◆ Directions ◆
Please filter the data down to the lines that include the word "Calendar" and copy them.
---------- Extracted material ----------
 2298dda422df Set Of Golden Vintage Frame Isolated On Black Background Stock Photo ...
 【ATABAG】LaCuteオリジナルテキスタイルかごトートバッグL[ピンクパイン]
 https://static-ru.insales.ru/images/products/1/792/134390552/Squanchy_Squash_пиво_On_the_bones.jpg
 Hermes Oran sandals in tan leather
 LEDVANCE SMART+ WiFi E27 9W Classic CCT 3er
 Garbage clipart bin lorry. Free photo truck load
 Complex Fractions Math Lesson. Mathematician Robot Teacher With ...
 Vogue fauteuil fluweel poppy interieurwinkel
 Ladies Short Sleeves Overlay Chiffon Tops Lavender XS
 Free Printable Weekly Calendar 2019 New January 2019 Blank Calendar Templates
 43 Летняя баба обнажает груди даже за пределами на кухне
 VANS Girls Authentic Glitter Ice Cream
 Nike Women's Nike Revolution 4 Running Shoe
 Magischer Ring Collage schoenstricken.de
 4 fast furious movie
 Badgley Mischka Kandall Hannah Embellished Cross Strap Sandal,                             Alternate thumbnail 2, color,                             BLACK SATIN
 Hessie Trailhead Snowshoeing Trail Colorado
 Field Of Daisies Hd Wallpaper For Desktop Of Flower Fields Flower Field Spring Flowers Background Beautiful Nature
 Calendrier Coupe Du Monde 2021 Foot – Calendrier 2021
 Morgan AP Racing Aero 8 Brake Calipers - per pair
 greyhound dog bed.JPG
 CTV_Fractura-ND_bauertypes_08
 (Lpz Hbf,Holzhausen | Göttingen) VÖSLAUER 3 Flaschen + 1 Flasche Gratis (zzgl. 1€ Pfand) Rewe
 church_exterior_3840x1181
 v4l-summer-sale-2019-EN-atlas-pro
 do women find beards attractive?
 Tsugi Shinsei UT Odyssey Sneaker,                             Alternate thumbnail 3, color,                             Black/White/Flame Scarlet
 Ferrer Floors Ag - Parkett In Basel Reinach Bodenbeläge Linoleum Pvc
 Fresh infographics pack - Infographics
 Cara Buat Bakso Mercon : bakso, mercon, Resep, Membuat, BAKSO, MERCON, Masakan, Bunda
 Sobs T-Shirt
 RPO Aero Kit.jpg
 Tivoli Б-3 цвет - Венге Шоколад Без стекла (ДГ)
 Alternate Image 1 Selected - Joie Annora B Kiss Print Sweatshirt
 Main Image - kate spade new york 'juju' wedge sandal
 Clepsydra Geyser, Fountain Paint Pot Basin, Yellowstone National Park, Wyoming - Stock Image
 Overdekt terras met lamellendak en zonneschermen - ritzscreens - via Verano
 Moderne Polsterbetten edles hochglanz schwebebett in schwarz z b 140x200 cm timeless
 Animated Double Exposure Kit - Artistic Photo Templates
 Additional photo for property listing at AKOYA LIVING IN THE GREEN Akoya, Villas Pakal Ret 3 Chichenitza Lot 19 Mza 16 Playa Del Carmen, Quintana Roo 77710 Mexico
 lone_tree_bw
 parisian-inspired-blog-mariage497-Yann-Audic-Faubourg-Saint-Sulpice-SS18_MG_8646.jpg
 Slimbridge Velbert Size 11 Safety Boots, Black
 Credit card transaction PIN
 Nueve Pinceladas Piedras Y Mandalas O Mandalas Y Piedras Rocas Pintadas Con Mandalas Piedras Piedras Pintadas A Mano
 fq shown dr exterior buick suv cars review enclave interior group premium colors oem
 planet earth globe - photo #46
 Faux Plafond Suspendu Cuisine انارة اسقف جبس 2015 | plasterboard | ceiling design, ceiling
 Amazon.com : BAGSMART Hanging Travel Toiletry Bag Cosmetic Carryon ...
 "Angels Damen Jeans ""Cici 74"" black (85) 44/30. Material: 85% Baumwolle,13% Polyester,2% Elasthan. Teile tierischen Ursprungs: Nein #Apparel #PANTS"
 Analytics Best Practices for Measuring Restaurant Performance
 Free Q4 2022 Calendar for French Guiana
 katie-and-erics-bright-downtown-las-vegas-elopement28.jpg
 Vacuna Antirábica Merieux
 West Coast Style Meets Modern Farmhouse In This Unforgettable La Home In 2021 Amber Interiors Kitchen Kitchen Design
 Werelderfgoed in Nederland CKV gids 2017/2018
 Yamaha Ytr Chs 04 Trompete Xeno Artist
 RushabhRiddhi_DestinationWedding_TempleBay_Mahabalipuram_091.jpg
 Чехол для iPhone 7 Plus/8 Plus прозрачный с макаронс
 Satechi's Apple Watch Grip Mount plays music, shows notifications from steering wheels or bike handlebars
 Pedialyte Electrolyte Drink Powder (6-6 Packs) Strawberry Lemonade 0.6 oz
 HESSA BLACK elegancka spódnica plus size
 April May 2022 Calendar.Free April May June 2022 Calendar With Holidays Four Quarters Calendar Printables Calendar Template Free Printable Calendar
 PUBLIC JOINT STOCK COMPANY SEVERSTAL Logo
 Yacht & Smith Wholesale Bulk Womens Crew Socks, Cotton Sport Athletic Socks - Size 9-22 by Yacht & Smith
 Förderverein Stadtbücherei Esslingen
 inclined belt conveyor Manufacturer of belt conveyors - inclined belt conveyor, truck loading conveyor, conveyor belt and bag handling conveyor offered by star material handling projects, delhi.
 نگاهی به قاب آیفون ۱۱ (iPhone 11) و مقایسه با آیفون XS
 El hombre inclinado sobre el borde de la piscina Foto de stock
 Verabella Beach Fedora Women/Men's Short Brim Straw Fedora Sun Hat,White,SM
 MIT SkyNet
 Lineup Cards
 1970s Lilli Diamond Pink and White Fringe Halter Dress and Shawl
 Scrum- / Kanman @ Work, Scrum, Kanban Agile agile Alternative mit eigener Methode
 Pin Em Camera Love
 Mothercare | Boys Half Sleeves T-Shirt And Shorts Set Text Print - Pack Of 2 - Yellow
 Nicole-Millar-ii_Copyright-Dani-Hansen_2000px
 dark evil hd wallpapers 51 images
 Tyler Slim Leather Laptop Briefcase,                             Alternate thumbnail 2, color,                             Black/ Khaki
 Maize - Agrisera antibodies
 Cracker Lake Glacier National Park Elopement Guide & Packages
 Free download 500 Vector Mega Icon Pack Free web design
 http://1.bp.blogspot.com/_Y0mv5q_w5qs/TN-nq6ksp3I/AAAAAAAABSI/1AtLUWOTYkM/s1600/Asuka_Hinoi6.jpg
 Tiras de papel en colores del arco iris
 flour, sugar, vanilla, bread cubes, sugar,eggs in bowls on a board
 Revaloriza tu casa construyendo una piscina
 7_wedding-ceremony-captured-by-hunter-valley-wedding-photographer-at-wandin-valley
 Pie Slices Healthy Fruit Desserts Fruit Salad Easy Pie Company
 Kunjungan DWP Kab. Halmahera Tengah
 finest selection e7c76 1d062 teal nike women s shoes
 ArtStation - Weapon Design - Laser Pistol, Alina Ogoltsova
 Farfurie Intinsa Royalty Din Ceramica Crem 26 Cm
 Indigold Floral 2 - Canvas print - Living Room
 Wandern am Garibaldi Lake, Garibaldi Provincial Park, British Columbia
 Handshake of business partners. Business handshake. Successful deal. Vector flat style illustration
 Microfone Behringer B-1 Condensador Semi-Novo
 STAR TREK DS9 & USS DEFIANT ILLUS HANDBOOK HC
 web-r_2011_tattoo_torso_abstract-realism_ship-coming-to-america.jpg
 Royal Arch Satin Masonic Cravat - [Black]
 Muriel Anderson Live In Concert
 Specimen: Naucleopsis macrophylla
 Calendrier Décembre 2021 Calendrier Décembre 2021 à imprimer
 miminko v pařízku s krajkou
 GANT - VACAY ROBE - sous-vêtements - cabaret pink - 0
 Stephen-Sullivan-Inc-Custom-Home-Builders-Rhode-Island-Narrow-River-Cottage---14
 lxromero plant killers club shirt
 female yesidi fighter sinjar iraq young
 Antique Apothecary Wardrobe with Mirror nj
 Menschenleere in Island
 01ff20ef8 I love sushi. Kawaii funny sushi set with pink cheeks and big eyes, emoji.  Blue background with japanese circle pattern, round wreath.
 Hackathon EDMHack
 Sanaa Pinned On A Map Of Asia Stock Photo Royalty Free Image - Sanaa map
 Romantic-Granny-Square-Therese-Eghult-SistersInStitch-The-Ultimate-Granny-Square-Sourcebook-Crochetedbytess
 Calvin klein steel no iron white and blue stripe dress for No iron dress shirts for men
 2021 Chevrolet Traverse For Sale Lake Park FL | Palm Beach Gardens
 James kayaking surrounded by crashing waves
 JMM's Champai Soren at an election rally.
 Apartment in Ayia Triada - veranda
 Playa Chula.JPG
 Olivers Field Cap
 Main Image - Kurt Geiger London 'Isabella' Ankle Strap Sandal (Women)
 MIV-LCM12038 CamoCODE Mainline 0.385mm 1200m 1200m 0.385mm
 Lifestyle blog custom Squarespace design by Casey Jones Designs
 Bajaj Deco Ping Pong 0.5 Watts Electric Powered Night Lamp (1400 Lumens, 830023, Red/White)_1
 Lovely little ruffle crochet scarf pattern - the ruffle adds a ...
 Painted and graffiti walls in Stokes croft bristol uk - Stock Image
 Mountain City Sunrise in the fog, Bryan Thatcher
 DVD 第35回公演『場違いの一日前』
----------
◆ Result below ◆
 Free Printable Weekly Calendar 2019 New January 2019 Blank Calendar Templates
 Free Q4 2022 Calendar for French Guiana
 April May 2022 Calendar.Free April May June 2022 Calendar With Holidays Four Quarters Calendar Printables Calendar Template Free Printable Calendar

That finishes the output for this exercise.